I'll be an ESFP, so I can live the opposite life and not be a sore, depressing loser. Also, so I can break from the majority trend that is going on here.


----------



## G0lde (Jan 20, 2016)

My alter ego would probably be an ENTJ.


----------



## Cthulhu And Coffee (Mar 8, 2012)

I'm INFP. Said ESTP, probably mostly because I'm excited by certain members of that type and also crave adventure but am not nearly as good at turning those ambitions into a reality. When I'm dreaming, I'm probably one, because I can control the world I'm in and understand it a lot better. XD


----------



## BenevolentBitterBleeding (Mar 16, 2015)

ENTJ
ESFP
Since only one vote is allowed, I went with ENTJ.


----------



## Endologic (Feb 14, 2015)

*ENTJ

...so... I... can

conquer...

conquer everything.*


----------



## ScientiaOmnisEst (Oct 2, 2013)

INTJ, maybe?


----------



## SicIndigo (Feb 2, 2016)

I do have an alter ego and it is INTP >: )


----------



## nichya (Jul 12, 2014)

In addition to my answer, I think I am already cultivating an ENTP alter ego.


----------



## ShadowsRunner (Apr 24, 2013)

I seriously wish I was a sensor sometimes; maybe ISFP, so I could just enjoy the present moment more so. 
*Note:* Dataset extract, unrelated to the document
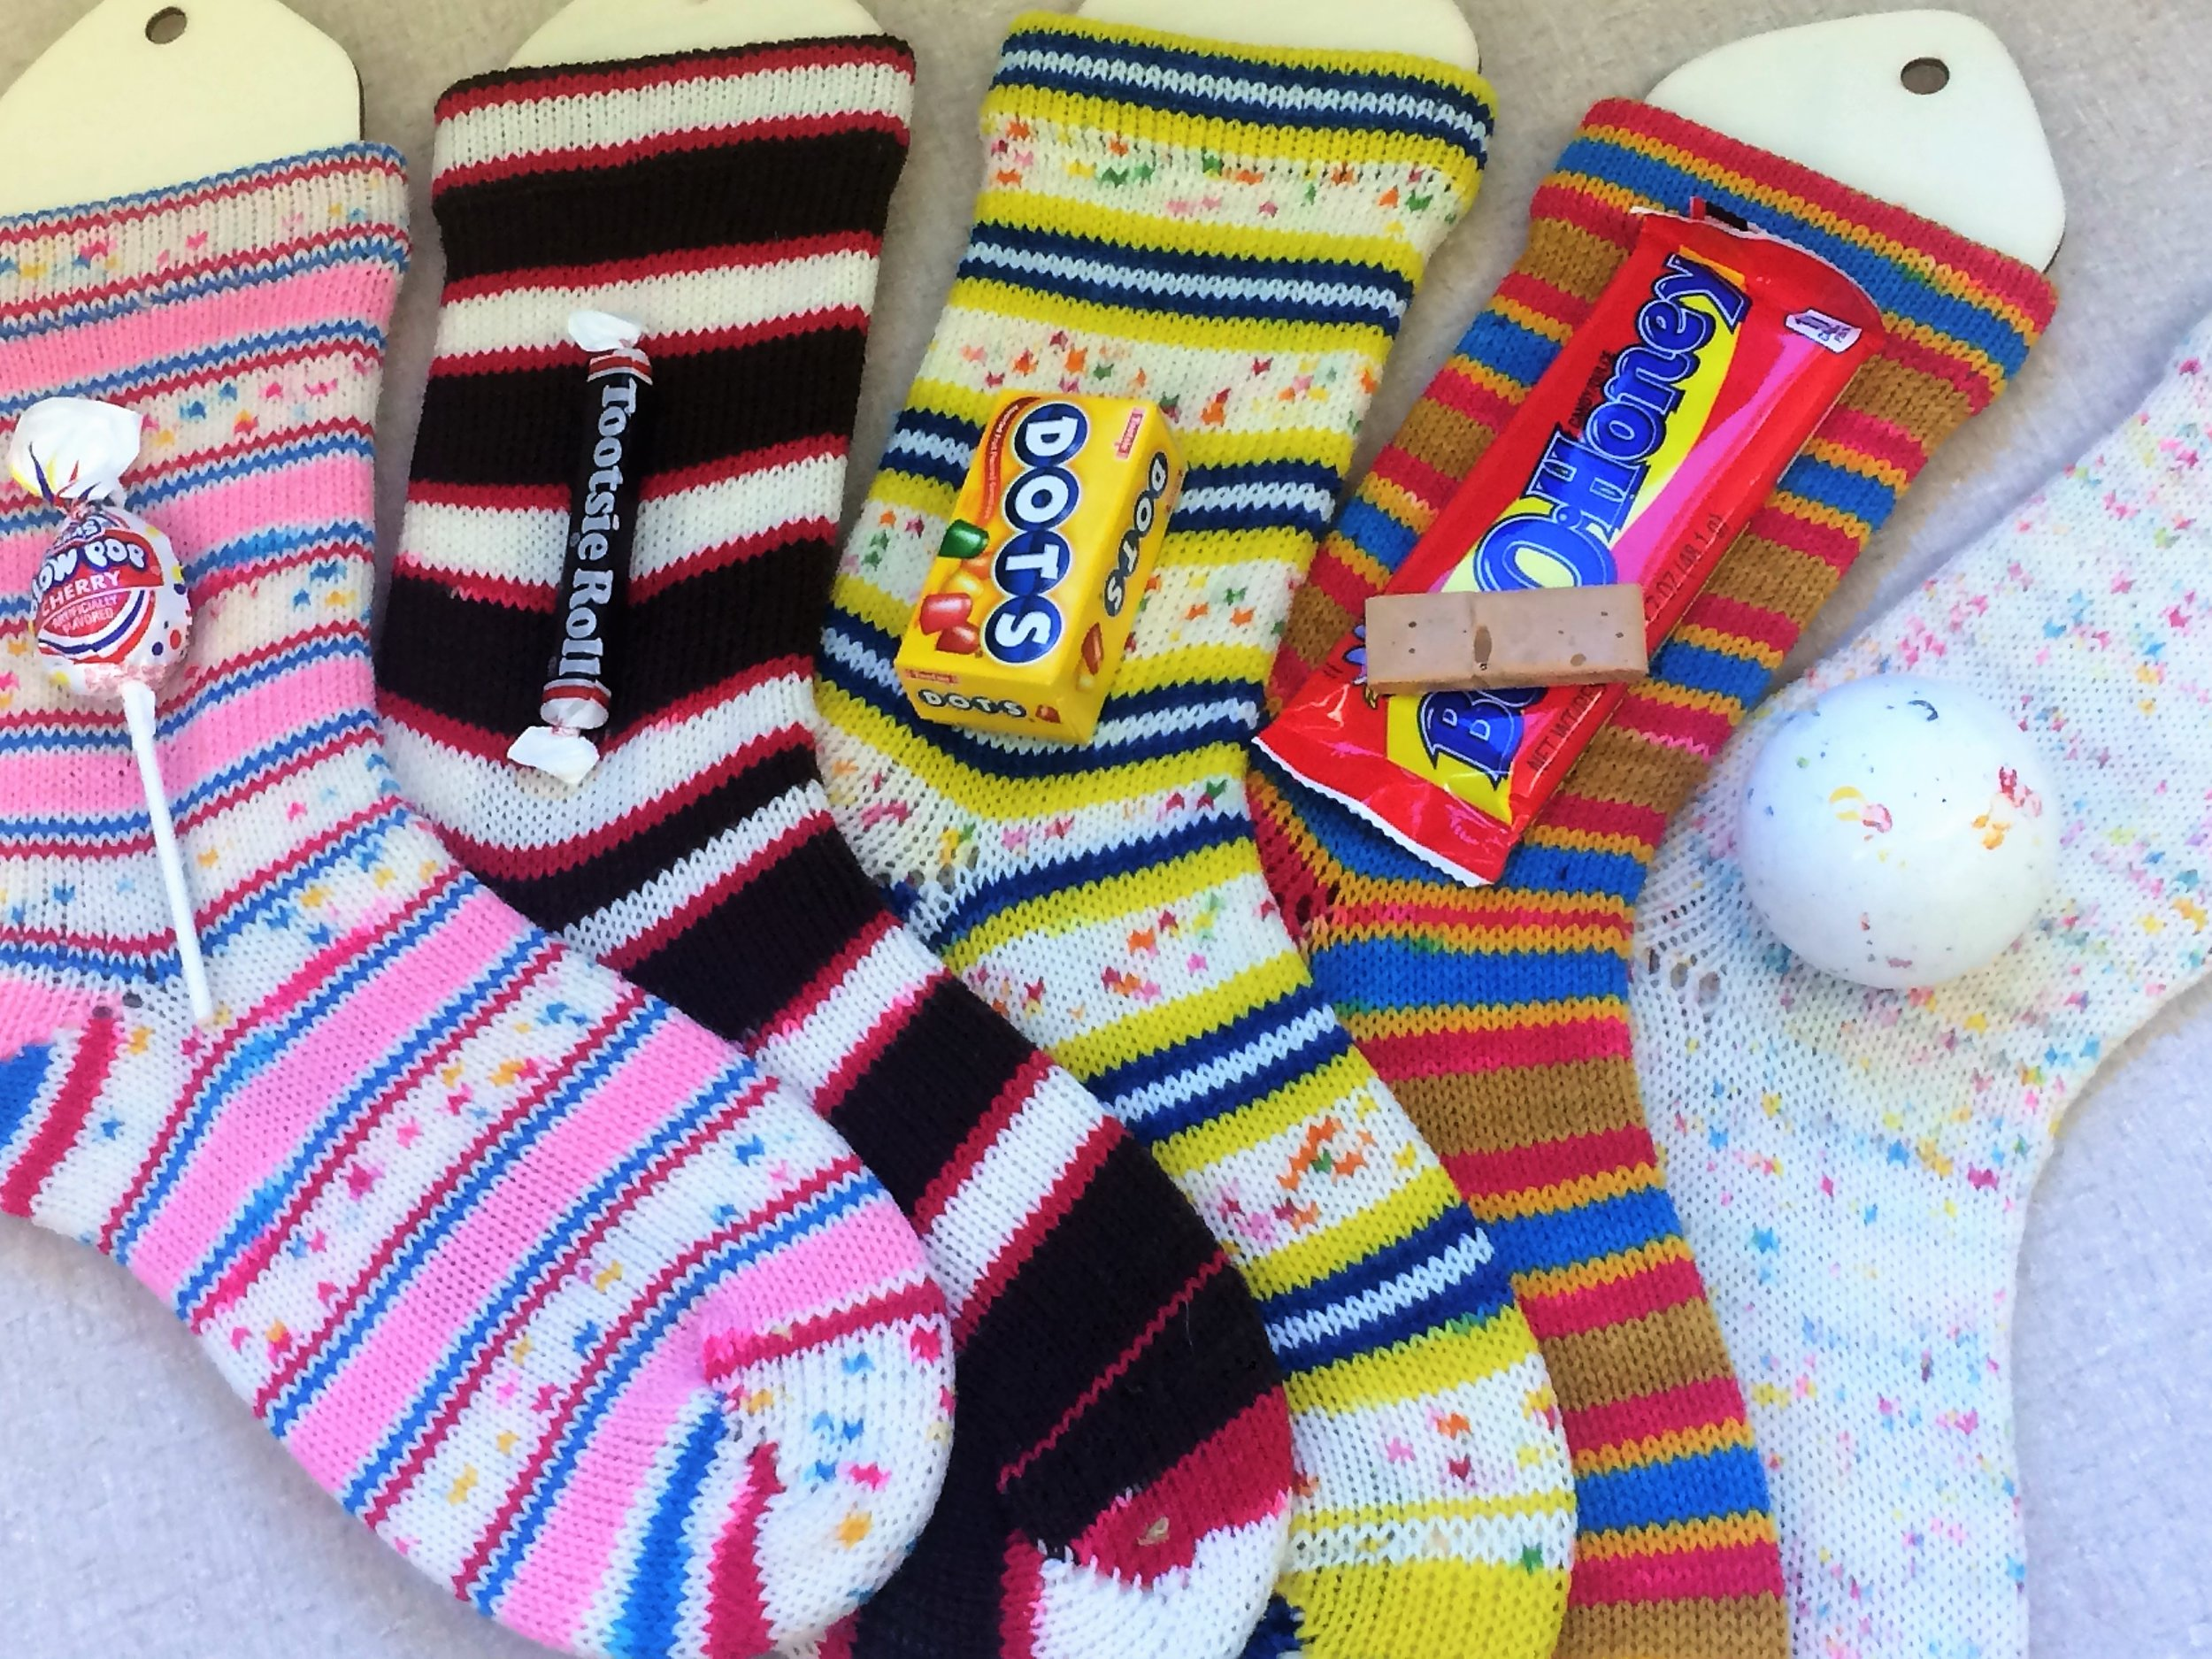 Basic sock knitting pattern and self striping yarn it self stripes as you knit simply knit along and a fun pattern will emerge bankloansurffo Gallery
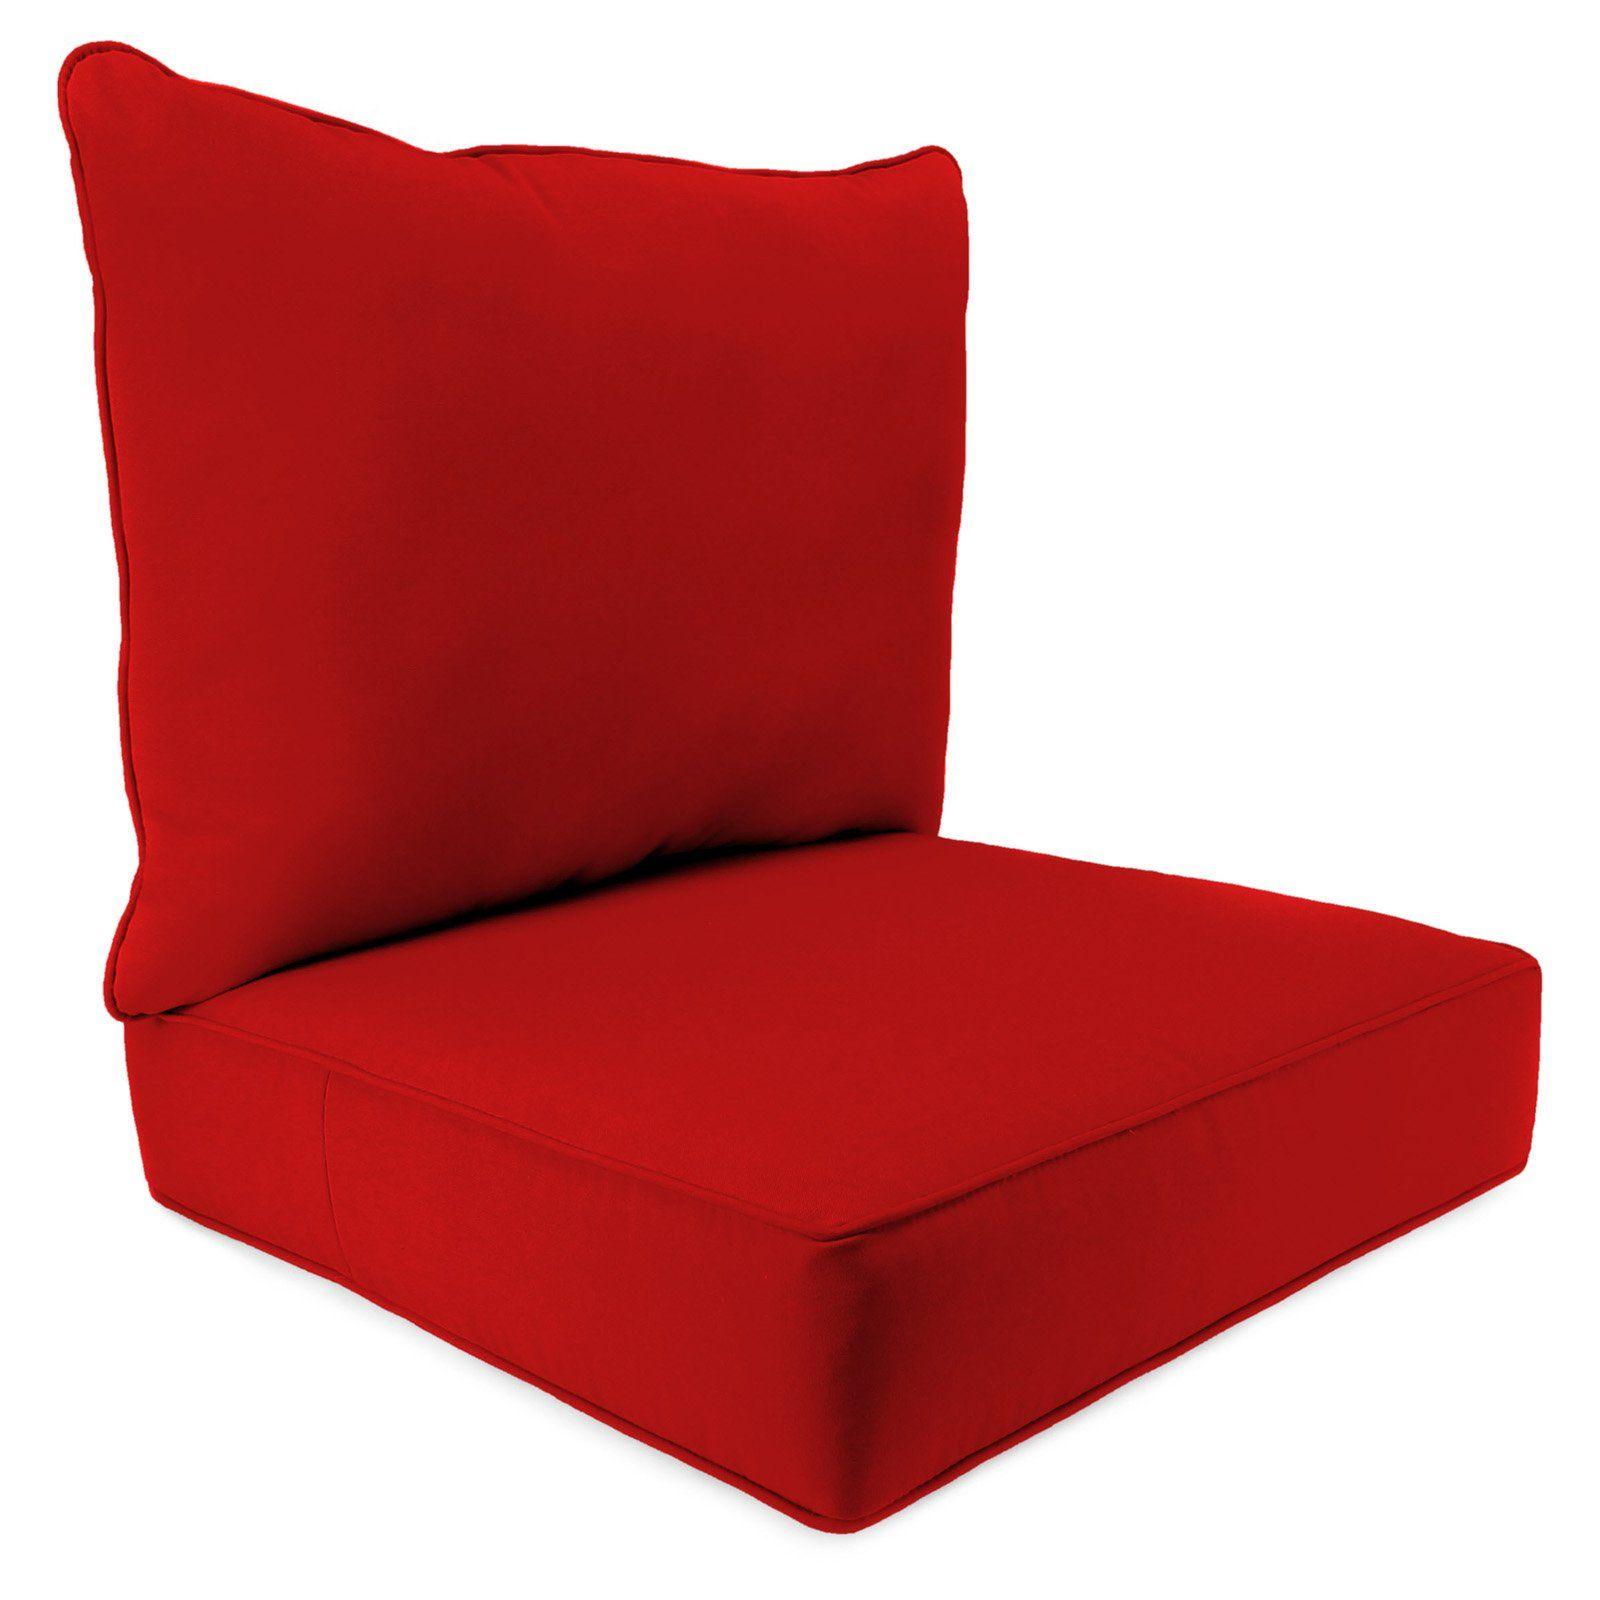 Jordan Manufacturing Sunbrella 2 Piece Outdoor Deep Seat Chair Cushion In 2021 Deep Seat Cushions Chair Cushions Deep Seating

Otherwise, I don't really care about being different then myself. I don't desire to be a different person. I already express any desires I have. I am evil. Simultaneously an idealist and a devil advocate pessimist asshole.


----------



## Veggie (May 22, 2011)

I've had an ESFP alter ego since I was a kid. Her name was Isabella, and then Twilight ruined it


----------



## Max (Aug 14, 2014)

BenevolentBitterBleeding said:


> ENTJ
> ESFP
> Since only one vote is allowed, I went with ENTJ.





Emologic said:


> *ENTJ
> 
> ...so... I... can
> 
> ...


So.. I'm your alter-ego then? Cool!


----------



## ArmchairCommie (Dec 27, 2015)

My platonic image of myself is an INTJ. Sometimes when I'm at school I can also act like an ENTP for fun but the vast majority of the time I'm a pretty serious guy. Also when I'm alone in my room I like to fantasize that I'm an INTJ who is scheming up some sort of diabolical plan to rule the world... I'm a bit weird in that respect.


----------



## FelixFahrenheit (Aug 9, 2014)

ESTJ so I can lead my people in the name of love, beauty and order


----------